■ Problem details
Reproduce the entire listing exactly as written, apart from its pictures.

══ Data section ══

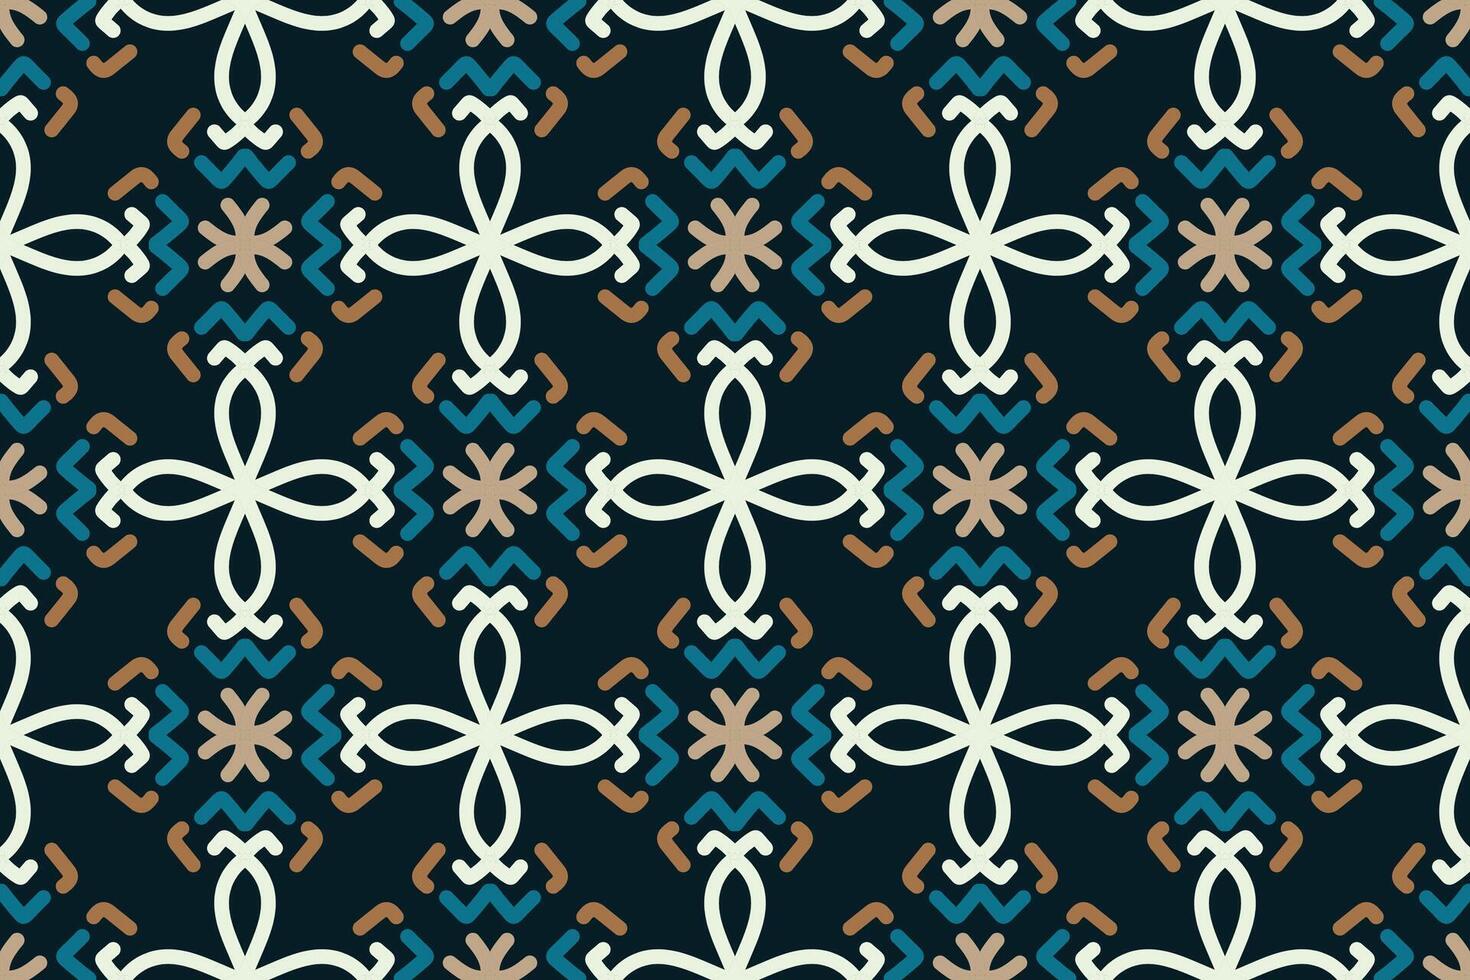 vintage seamless pattern with blue color vector
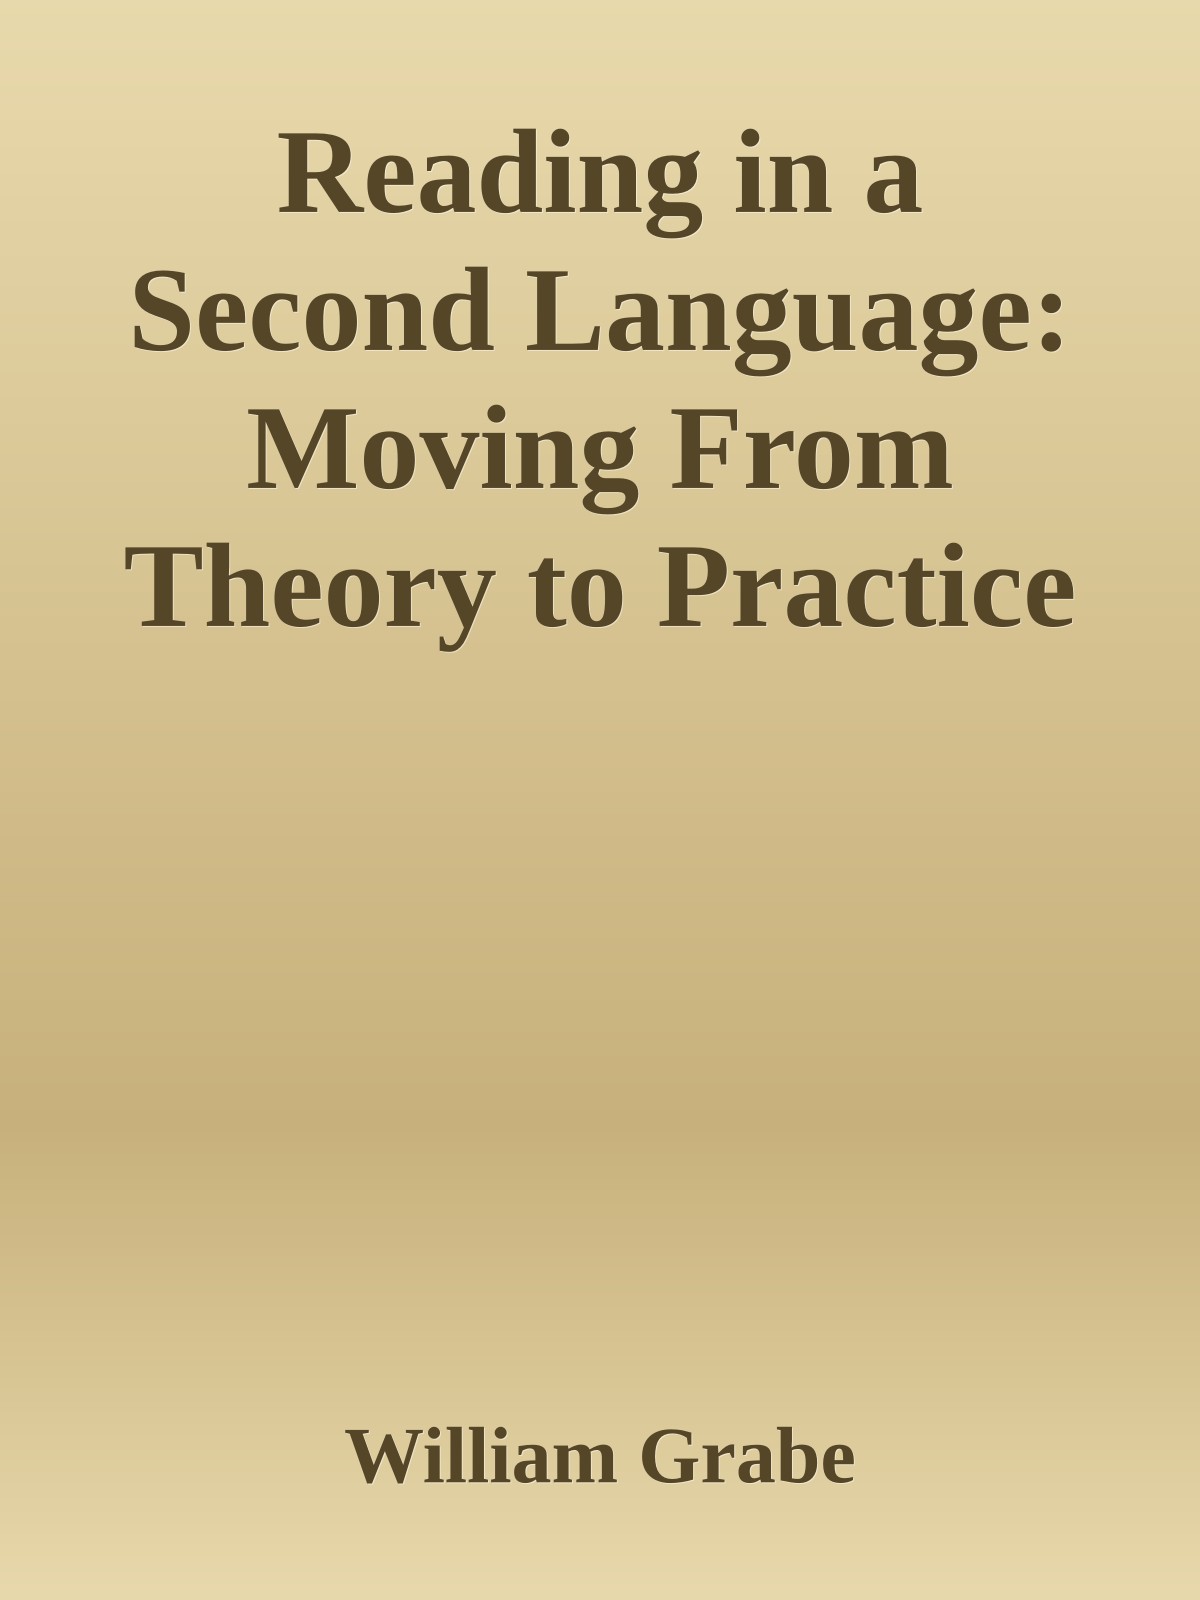 Reading in a Second Language: Moving From Theory to Practice
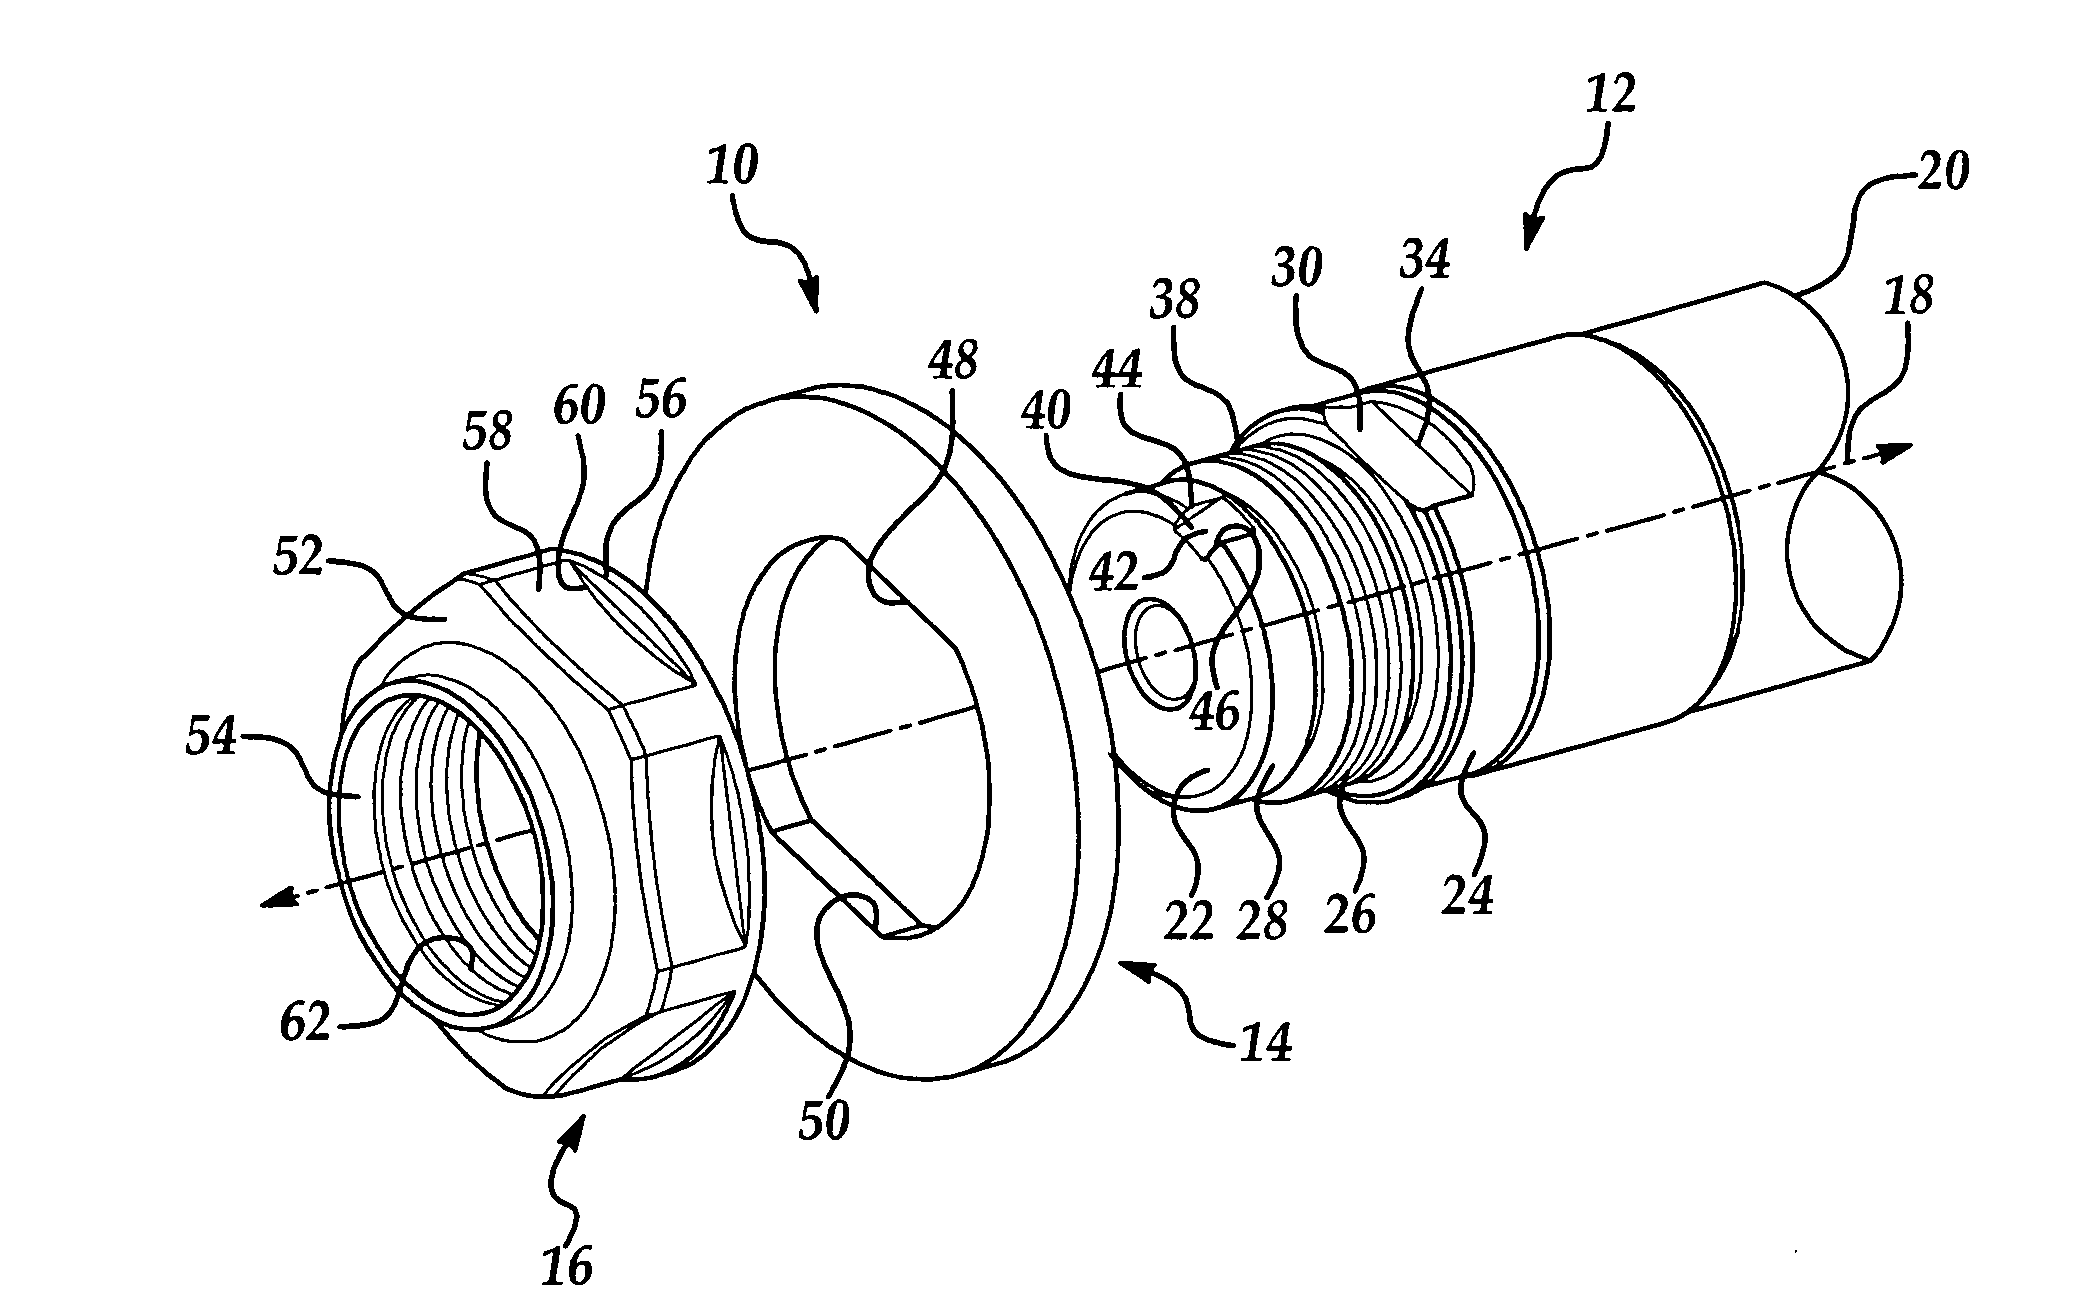 Staked spindle nut system

═══

■ Answer for this exercise
 vintage seamless pattern with blue color vector
 Reading in a Second Language: Moving From Theory to Practice
 Staked spindle nut system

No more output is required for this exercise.